Distributed Systems and Cloud Computing

T Technical Teaching


The goal of this course is to provide a comprehensive view on recent topics and trends in distributed systems and cloud computing. We will discuss the software techniques employed to construct and program reliable, highly-scalable systems. We will also cover architecture design of modern datacenters and virtualization techniques that constitute a central topic of the cloud computing paradigm. The course is complemented by a number of lab sessions to get hands-on experience with Hadoop and the design of scalable algorithms with MapReduce.

Teaching and Learning Methods: Lectures and Lab sessions (group of 2 students) 

Course Policies: Attendance to Lab session is mandatory.

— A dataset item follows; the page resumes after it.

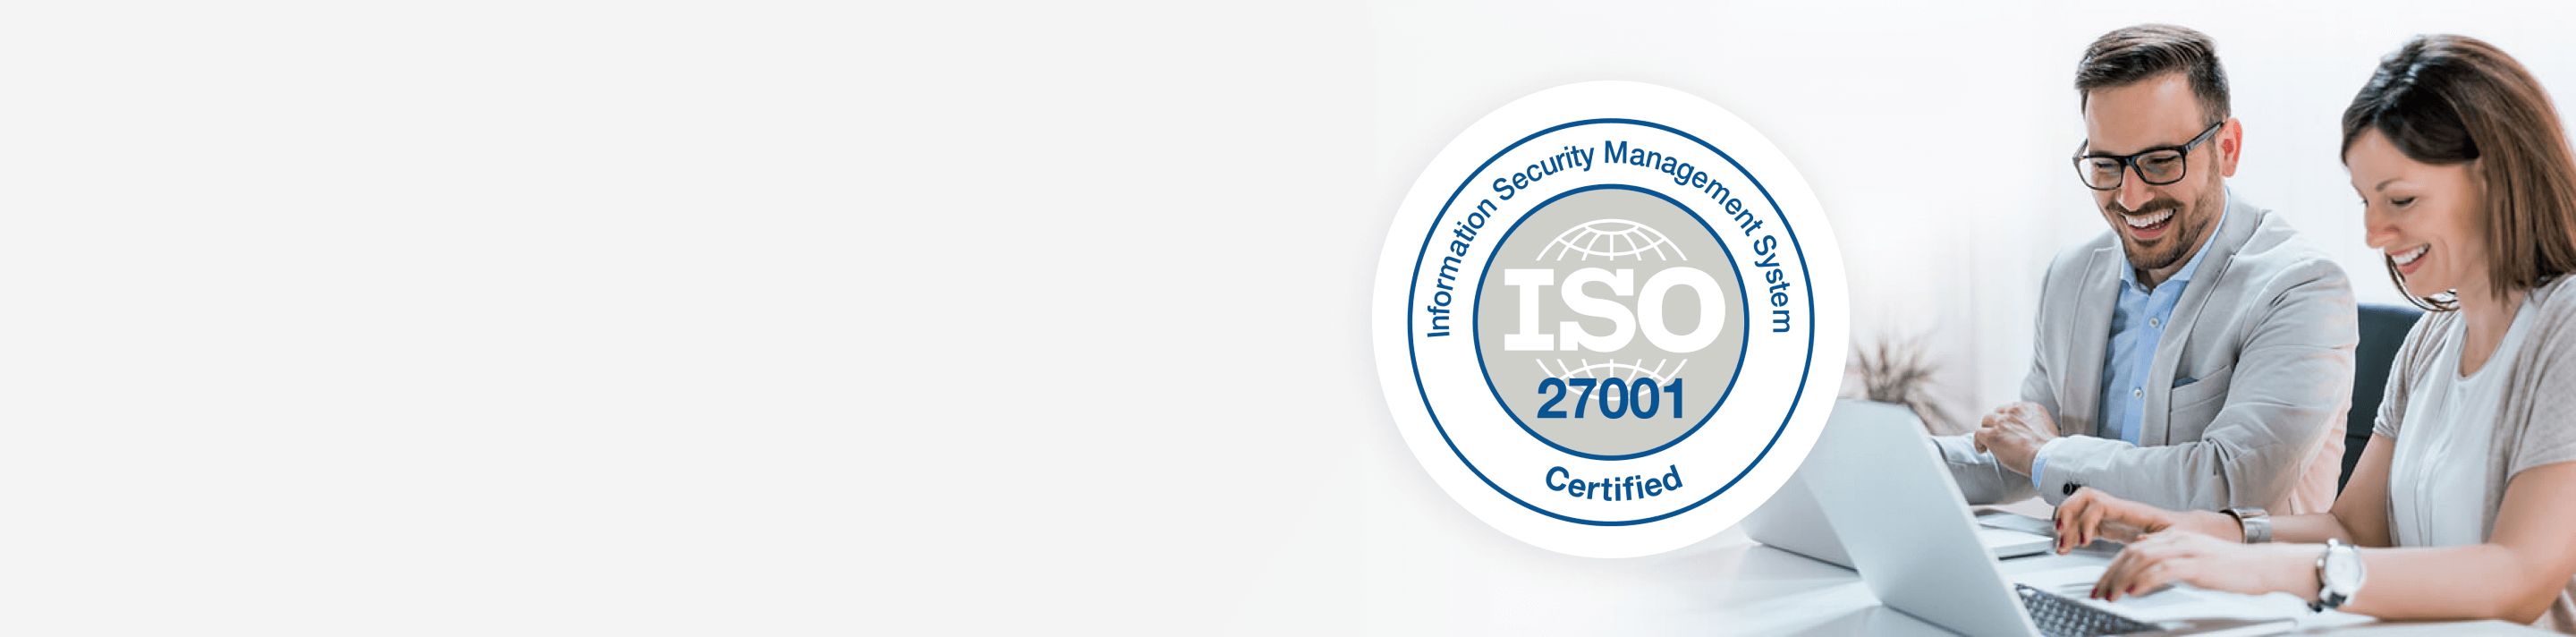 Synergetica is ISO 27001 Certificated

  • Learning Spark, by Holden Karau, Andy Konwinski, Patrick Wendell and Matei Zaharia, O'Reilly
  • Data-intensive Text Processing with MapReduce, by Jimmy Lin and Chris Dyer
  • Hadoop, The Definitive Guide, by Tom White
  • Hadoop Operations, by Eric Sammer
  • HBase, The Definitive Guide, by Lars George


Knowledge of data structures, algorithm design, distributed algorithms. Being fluent with Java and at least another programming language (python is recommended, scala is required for advanced topics) is highly desirable.


  • Introduction
  • Scalable algorithm design
  • Apache Hadoop internals
  • Apache Spark internals
  • Cluster and datacenter schedulers
  • Relational algebra
  • Apache Pig and Pig Latin
  • Distributed Storage Systems
  • Coordinating distributed systems with Apache Zookeeper
  • Selected topics in Cloud Computing

 Learning outcomes:

  • Understand, identify and manipulate concepts related to the architecture of distributed systems
  • Design and implementation of scalable, distributed algorithms
  • Understand and use distributed storage systems

Nb hours: 42.00, at least 5 Lab sessions (15 hours)

Grading Policy: Lab reports (50%), Final Exam (50%)

Nb hours: 42.00
Nb hours per week: 3.00